Photo Spot 15: Glacier National Park – Logan Pass
Glacier National Park preserves a part of the Northern Rockies that belongs to one of the most intact mountain ecosystems in America, where grizzlies, wolves, moose, mountain goats, and big horn sheep still roam. The heart of this environment is easily accessible from June to mid-October. During those months, you can drive the Going-To-The-Sun road, an engineering marvel that takes you above treeline, crossing the Continental Divide at Logan Pass, 6646ft (2025m).
Almost all the visitors to Glacier National Park stop at Logan Pass, and you should too. After only a mile and half on an easy trail (starting as a up hill boardwalk, then leveling off), you reach the Hidden Lake Overlook, amidst stunning alpine scenery in all directions.
Although the view of the deep glacial valley, lake, and Bearhead Mountain is certainly spectacular, the light can be difficult to work there. You will be pointing the camera towards the SW, so the mountain would be backlit starting from the afternoon. Because the lake is in a deep depression surrounded by tall mountains, it is in the shade in early morning and late afternoon. I have not tried myself to photograph the location in those conditions, but I guess that with proper contrast control methods (grad filters or HDR) an early morning view could work fine. For a late afternoon view (which would also require contrast control), I’d crop out Bearhead Mountain and instead focus on the peaks South and East of the lake. With an additional 3 hours, you could try to follow the trail to the edge of the lake to seek other viewpoints.

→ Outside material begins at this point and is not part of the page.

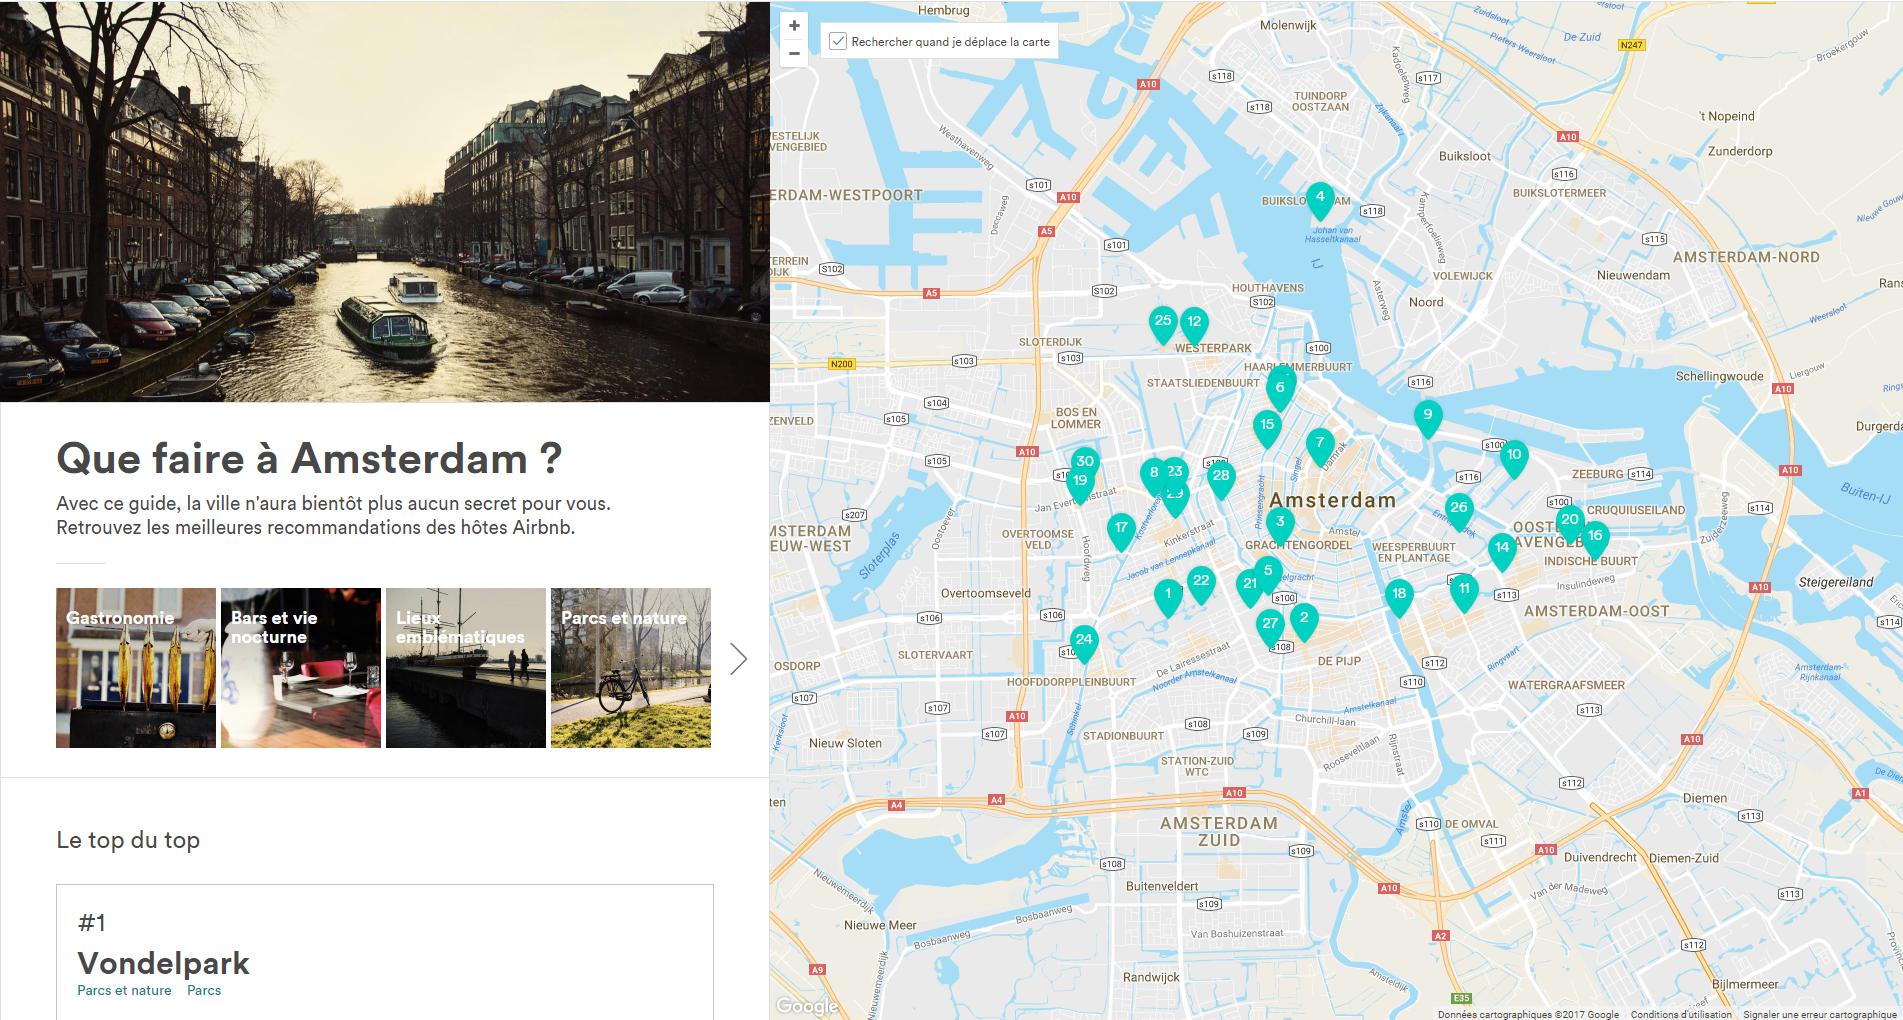 Guide touristique airbnb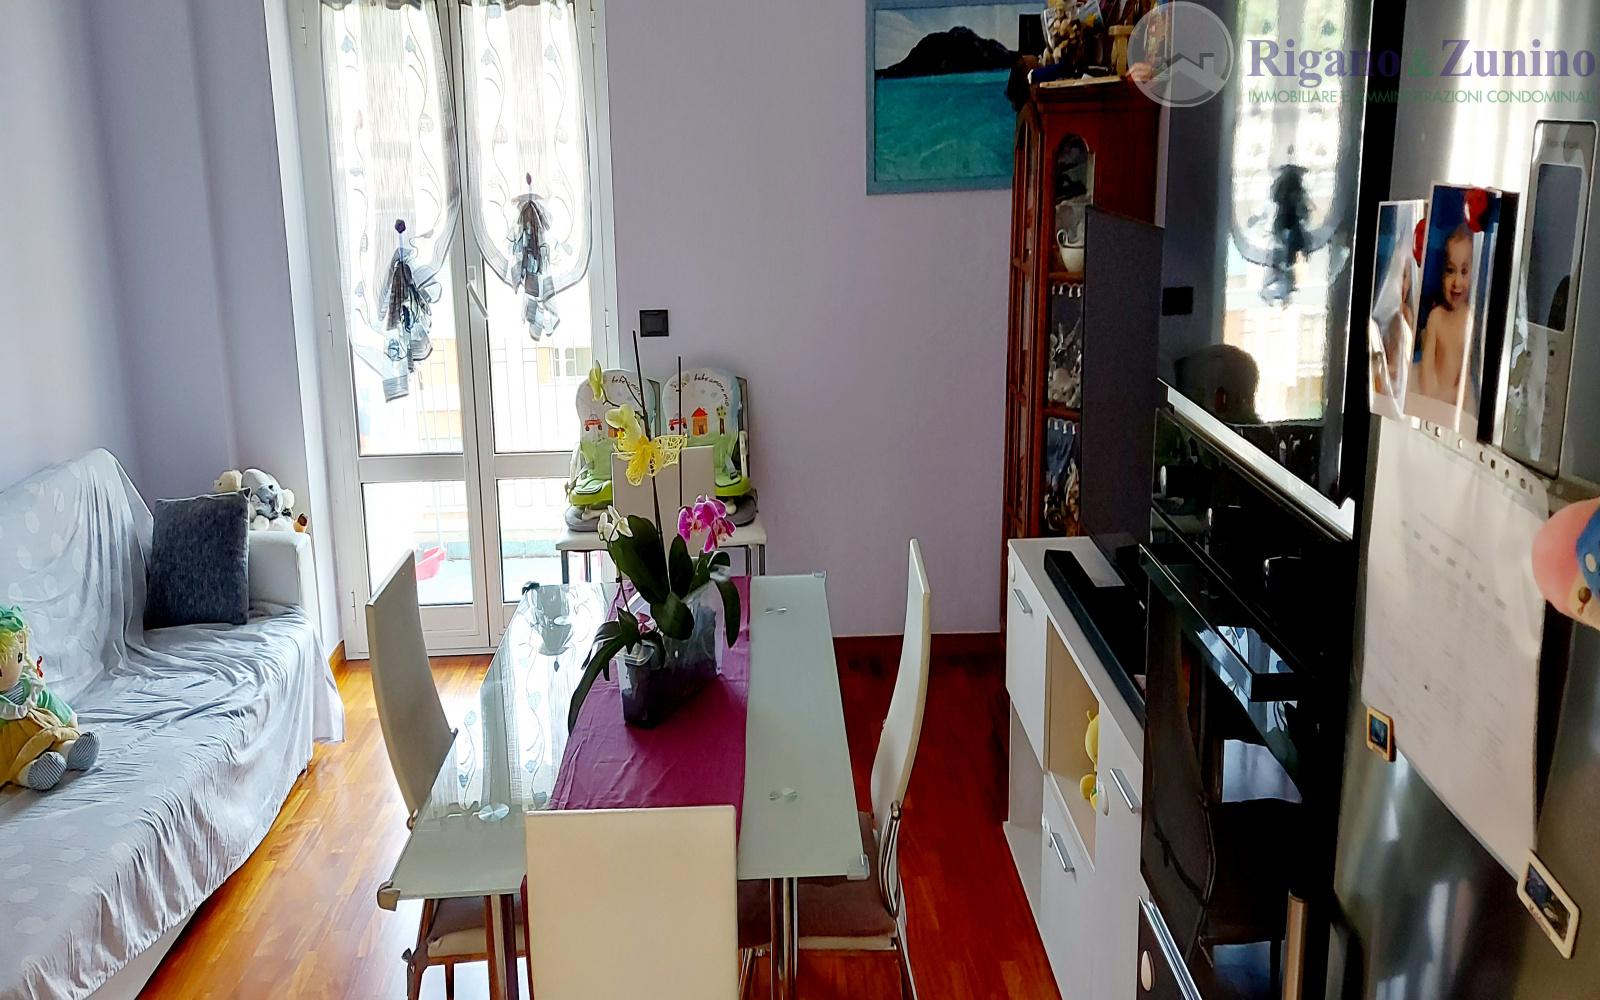 Via Del Capriolo Via Brigata Liguria,Genova,16121,Appartamento,Via Del Capriolo ,1202

Even if the Overlook views do not work for you, on your way to the overlook, you will walk along alpine meadows covered in July with wildflowers, and surrounded with distinctive looking peaks. Numerous streams and cascades can be found. After you reach the level section of the trail, you will most likely come to close distance with mountain goats. They are so unafraid of visitors, you can often use a wide-angle to include them in the scenery. That’s the only place in the National Parks that I know where you can reliably approach those animals at such close distance.
Have you been to Logan Pass ? What did you think ? If you have memories to share, please comment below. Feel free to link to your own image galleries if you have photographed there, especially if you managed to get nice landscape images !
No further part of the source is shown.